Wild type myc-tagged Par3 was transfected using Effectene Transfection Reagent (Qiagen, Hilden, Germany) according to the manufacturer’s instructions. The plasmid was kindly provided by Dr. Vjeko Tomaić (International Centre for Genetic Engineering and Biotechnology, Italy).
Immunoblotting
Cells were lysed by incubation in Lysis buffer (Cell Signaling Technologies #9803) containing protease inhibitor cocktail (Nacalai Tesque, Kyoto Japan) and phosphatase inhibitor cocktail (Roche, Basel, Switzerland) on ice for 5 min. Lysates were then sonicated briefly and centrifuged at 14,000 rpm at 4 °C for 10 min. The supernatants were analyzed as follows: for SDS-PAGE, 20 μg of protein was loaded in each well. For immunoblotting, 0.45 μm PVDF membranes (Merck Millipore) were used. The membranes were blocked in 5% milk/TBS-T (TBS containing 0.1% Tween-20) for 1 h at 20–25 °C followed by incubation with the appropriate primary antibody diluted in 5% milk/TBS-T or 5% BSA/TBS-T for the appropriate time according to the manufacturer’s instructions. After several washes with TBS-T, membranes were incubated with the appropriate HRP-conjugated secondary antibody in 5% milk/TBS-T at 20–25 °C for 1 h. Blots were developed using Immobilon Western Chemiluminescent HRP substrate (Merck Millipore) according to the manufacturer's instructions.
Subcellular fractionation assays
To obtain cytoplasmic, nuclear, and membrane fractions from the cells, a subcellular fractionation assay was performed using the Calbiochem ProteoExtract Fractionation Kit (Merck Millipore) according to the manufacturer's instructions. To inhibit phosphatase activity during lysate preparation, phosphatase inhibitor cocktail (Roche, Basel, Switzerland) was used.

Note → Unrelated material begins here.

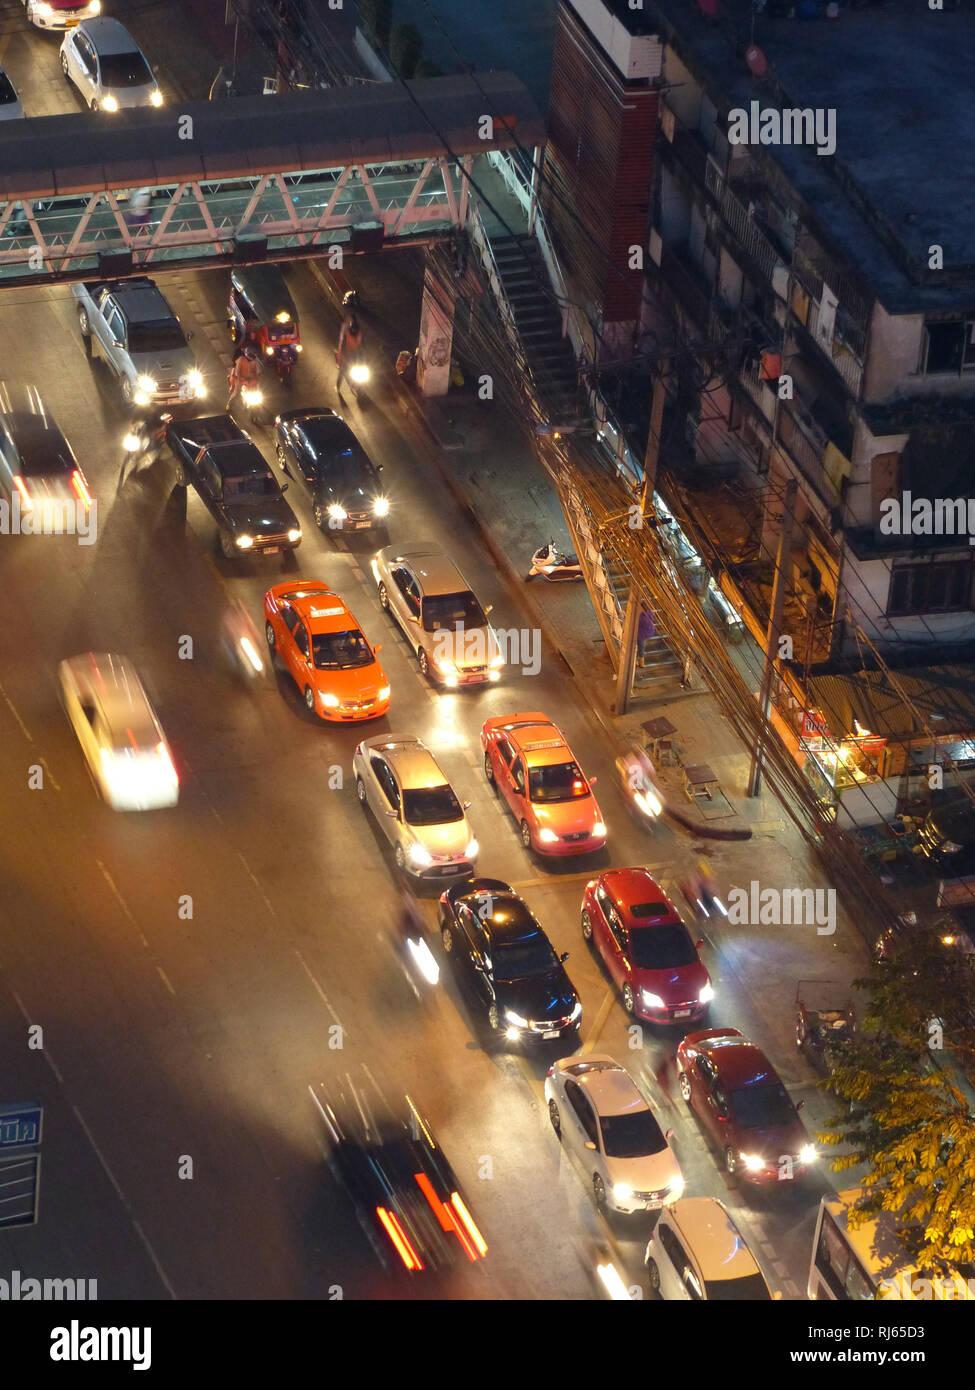 Night traffic jam in Bangkok, taxicabs - Stock Image

Reverse transcription and qPCR
Total RNA was extracted from the cell lines using a Cultured Cell Total RNA Purification Mini Kit (FAVORGEN, Ping Tung, Taiwan) followed by reverse transcription using ReverTra Ace qPCR RT Master Mix (Toyobo, Osaka, Japan) according to manufacturer’s instructions. cDNA was amplified for 40 cycles in a LightCycler 480 instrument (Roche, Basel, Switzerland) using LightCycler 480 SYBR Green I Master reagent (Roche). The primer sets used for qPCR are: for Par3, 5′-CGCTTGGAACATGGAGATGG-3 and 5′-ATCTCTGGGCTCTGGGTACC-3, for GAPDH, 5′-GAAAGGTGAAGGTCGGAGTC-3 and 5′-GAAGATGGTGATGGGATTTC-3. mRNA levels of each gene were normalized to GAPDH mRNA as an internal standard. Expression levels were calculated by the comparative Ct method using GAPDH as the endogenous reference gene.
Invasion assay
JHOC5 cells were treated with siRNA against Par3, STAT3, or negative control siRNAs, and then incubated for 48 h. Cells were trypsinized and dissociated from dishes, then used for invasion assays. Matrigel invasion assays were performed using 24-well BioCoat Matrigel invasion chambers (Corning international, NY USA) according to the manufacturer’s instructions. Briefly, lower chambers were filled with 750 μL of DMEM/F12 with 10% FBS and chemical reagents. Cells in 500 μL of FBS-free medium were applied to the upper chamber and incubated for 24 h. After incubation, the cells remaining in the upper chamber were removed with cotton swabs and the cells that had invaded through the Matrigel were stained with a Diff Quik staining kit (Sysmex, Hyogo, Japan). Matrigel membranes were cut from the upper chamber and placed on microscope slides, then observed with an optical microscope.
Cell migration assay
Cells were seeded onto 6-well culture plates and grown as a monolayer until 100% confluent. A scratch was made on a uniform layer of cells using a sterile micropipette tip followed by one PBS wash to remove debris. Photographs of the same area of the wound were taken after 8 h (for siPar3) or 14 h (for siSTAT3), to measure the width of the wound using a fluorescence microscope (BZ-9000; Keyence, Osaka, Japan).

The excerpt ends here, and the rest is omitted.